Details of Kirk Wright Indictment
A number of details have emerged from the amended indictment against Kirk Wright, which appear not to have been reported in the various news accounts, here and here. No one seems to have read in detail either the indictment or the FBI's news release. The news reports continue to talk about an $185 million ponzi scheme and the disappearance of most of that sum.
But, it is very unlikely that Kirk Wright ever had anything like $185 million under his control, or the control of his hedge funds. As the indictment makes clear, he is alleged to have lied about both where the money was being invested, and how much money the various funds had in their control.
To accomplish this, the indictment alleges that he simply put the investor's money in an account called, I suppose, creatively, the "IMA expense account" and used the proceeds of it to pay himself, and his partners.
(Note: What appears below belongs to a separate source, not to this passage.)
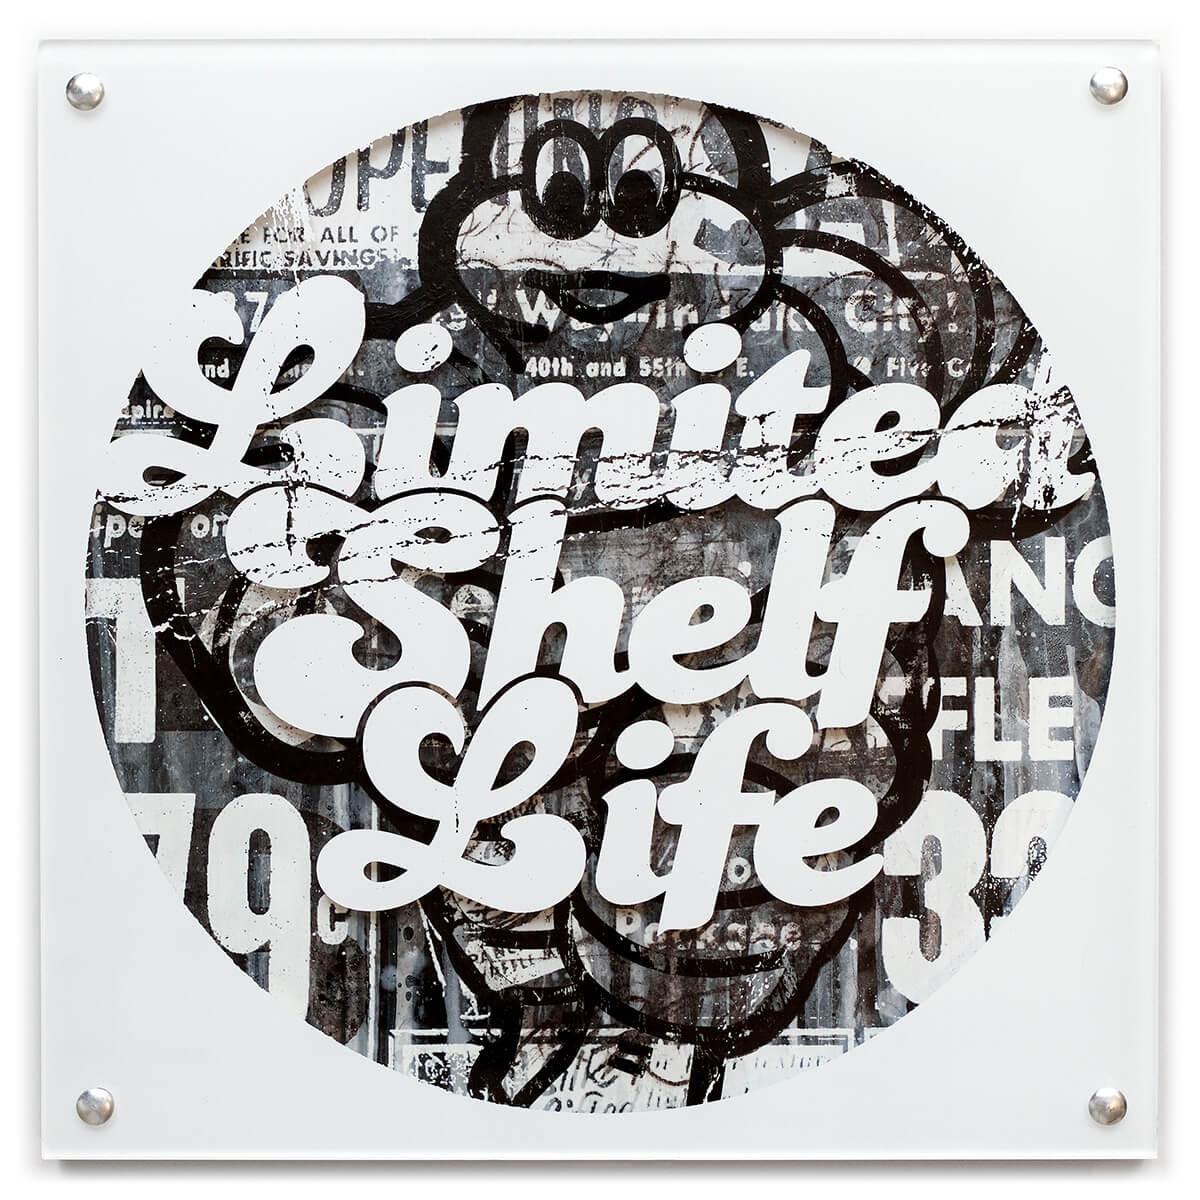 limitedshelflife

The indictment the alleges that he simply sent false statements by mail to his clients and counted on them being happy with what the statements reflected.
Charles Ponzi used a similar scheme in 1919. As Donald Dunn, writes "after receiving notification of their 50% return, Ponzi could imagine the activity". While some would rush to cash in on their good fortune, "others would take their time, convinced by the fact that they had a one cent post card, they also had a 50% return on their investment. They would read the card over, show it to their wives and relatives. ... Back at their jobs, at the restaurants, at the recreation halls, they would tell others of their stupendous good fortune -and the ones they told would come running. Each satisfied customer would become a salesman, self-appointed." (my emphasis)
As many of the ponzi scams have shown, the ability to manufacture false returns or statements of accounts in critical to the success of the scam, or fraud. And as one astute reader has already pointed out, "It seems that money deposited into a legitimate custodial account is then deposited into a "black hole" with no further accountability". Are the institutions who provide the custodial accounts innocently enabling fraud? Do they have any liability for this, if so? Interesting questions.
Technorati Tags: ponzi scheme, charles ponzi, indictment, news reports, news release, donald dunn, money, fbi, hedge funds, expense account, ima, proceeds, kirk wright


Comments
The original SEC complaint specified around $115 million that had been collected. Some of that was returned to earlier investors, so there can be no real accounting until every investor's initial investment minus any withdrawals is tallied. A few investors may have actually made money and gotten out before the whole thing came crashing down. The $185 based on IMA records is bogus, just like most everything and everyone else associated with the company.
Posted by: Anonymous | July 6, 2006 6:09 PM
When all the proofs of claims are accepted by the trustee in bankrupcty, we will have a much clearer picture if even the $115 million was correct.
I think the proof of claims had to be in by the end of June.
Posted by: Michael Webster | July 6, 2006 6:32 PM
The indictment stated that the COO and CFO principally handled administrative and marketing tasks. Are these typical responsibilities for those positions? Is there legal precedence for "deliberate ignorance" not sufficing as a defense in culpability of fraud?
Posted by: Anonymous | July 7, 2006 1:38 AM
IMA must have been registered with at least a dozen different states across the country and in fact, still is. What measures are the states taking to assure that the individuals involved are never allowed to do business in those states again, or any other state, for that matter?
Posted by: Anonymous | July 10, 2006 11:24 AM
This is a very good question, which I don't know the full answer to. My guess is that states would take some administrative action to make sure that Wright et. al. could no longer trade in their state. Generally, the regulators do not pursue cases on behalf of their state residents for restitution, even if their owns state laws have been broken. You might want to check http://www.nasaa.org//QuickLinks/ContactYourRegulator.cfm and ask more details from your own state regulator.
Posted by: Michael Webster | July 10, 2006 11:41 AM
It is unknown how many custodial insitutions were involved in transferring funds to IMA which did not provide further accounting for where the funds were invested or how they were performing. One custodian fund was Reliance Trust Corp, which happens to also be based in Atlanta, GA, as were the headquarters for IMA, perhaps a little too close for comfort.
Posted by: Anonymous | July 10, 2006 6:47 PM
Each individual investor should check their own statements to see what custodial institution was involved as they may have a claim against that institution for negligence.